In Chicago, Pete Beckman, co-director, Northwestern Argonne Institute of Science and Engineering, Argonne National Laboratory, helped develop sensors placed throughout the city in its Array of Things project. He said that while most sensors used by cities are big, expensive and sparse, Beckman said the project managers wanted to “blanket the city with sensors,” which would collect a broad variety of data and also have significant computational power – a “programmable sensor” that doesn’t just report data but one for which you can write programs to run in the device. They also wanted it to be attractive, so students at the Art Institute of Chicago were recruited to help design the enclosure.
“This becomes a high performance computing problem,” Beckman said. “Why do you need to run programs at the edge? Why run parallel computing out there? Because the amount of data we want to analyze would swamp any network. The ability to have 4K cameras, to have hyperspectral imaging, to have audio, all that (data) can’t be sent back to the data center for processing, it has to be processed right there in a small, parallel supercomputer. Whether it’s Open CV (Open Source Computer Vision Library), Caffe or other deep learning framework like Tensorflow, we have to run the computation out at the edge.”
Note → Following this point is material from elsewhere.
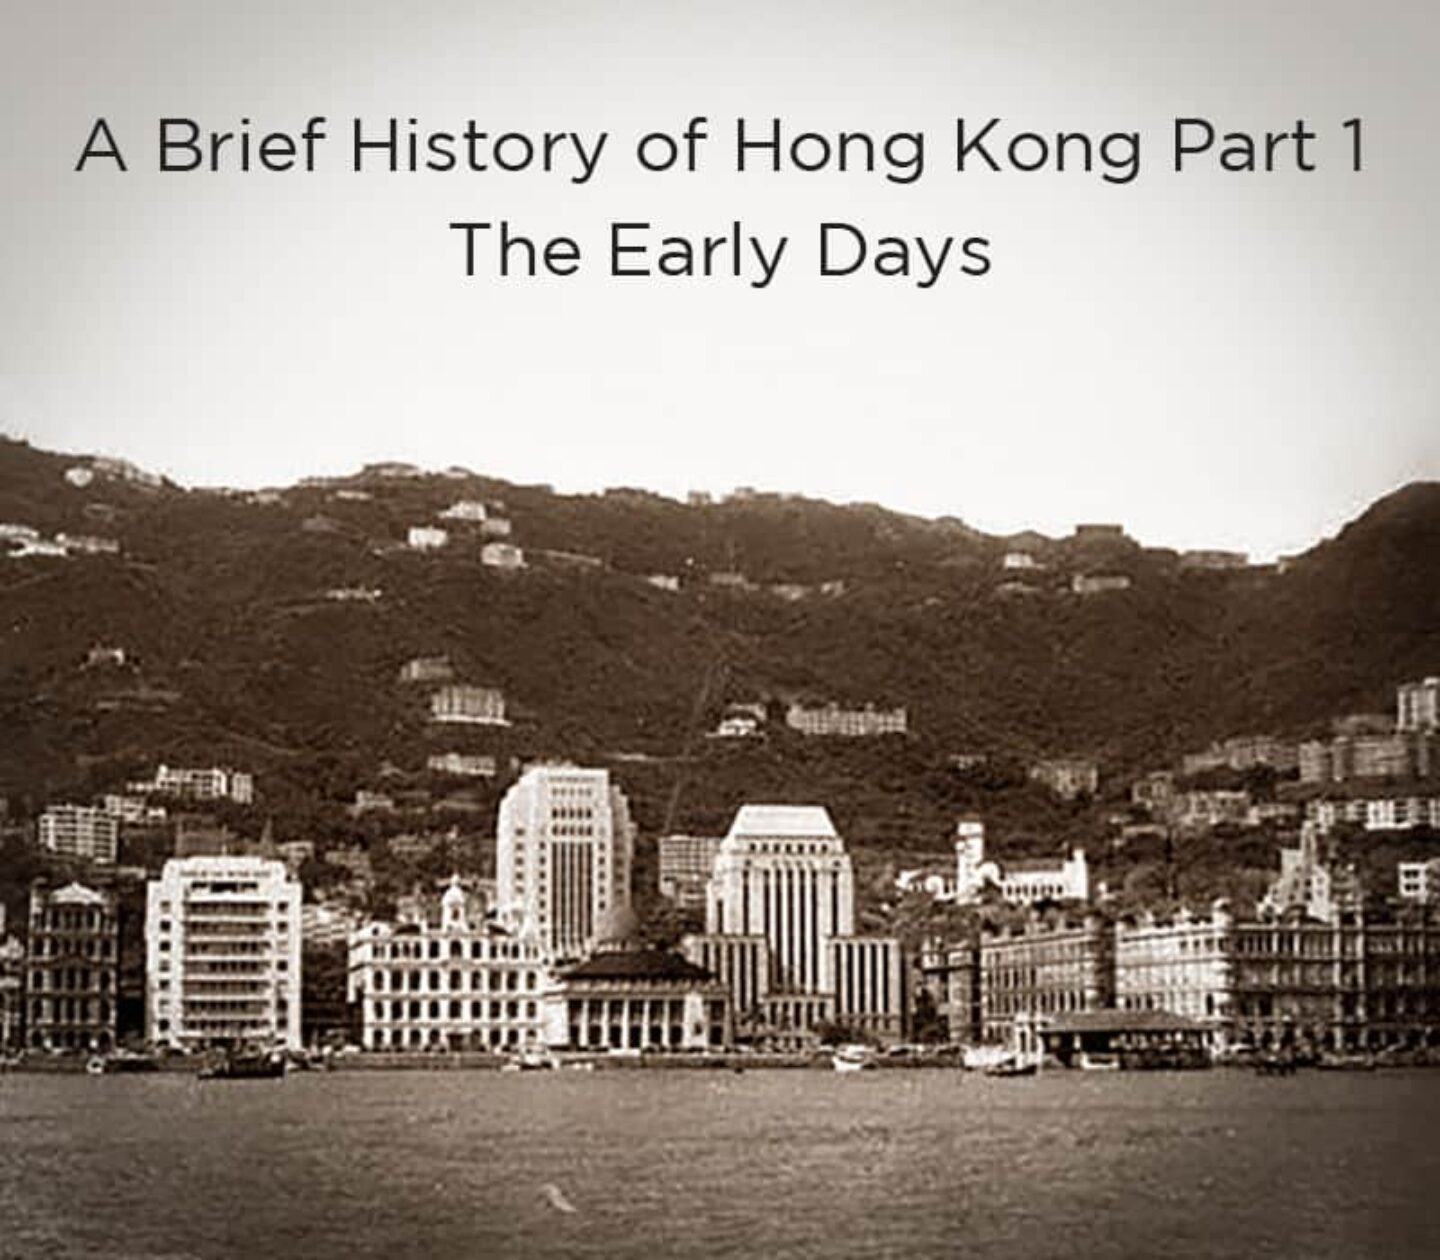 hong kong history essay topics

One scenario outlined was of a sensor detecting an out-of-control vehicle approaching a busy intersection; the sensor picks up on the impending danger and delays the pedestrian “WALK” sign and turns all the traffic lights in the intersection red. These are calculations that require HPC-class computing at the street corner.
Chicago is using its Array of Things sensors in other critical roles, such as real time flood monitoring, for tracking pedestrian, bicycle, car and truck traffic and predictively model accidents
“The questions for us in the parallel computing world,” Beckman said, “are how do we take that structure on our supercomputers and scale it in a way so we have a virtuous loop to do training of large-scale data on the supercomputer and create models that are inference-based, that are quick and fast, that can be pushed out to parallel hardware accelerated out on the edge? The Array of Things project is working on that now.”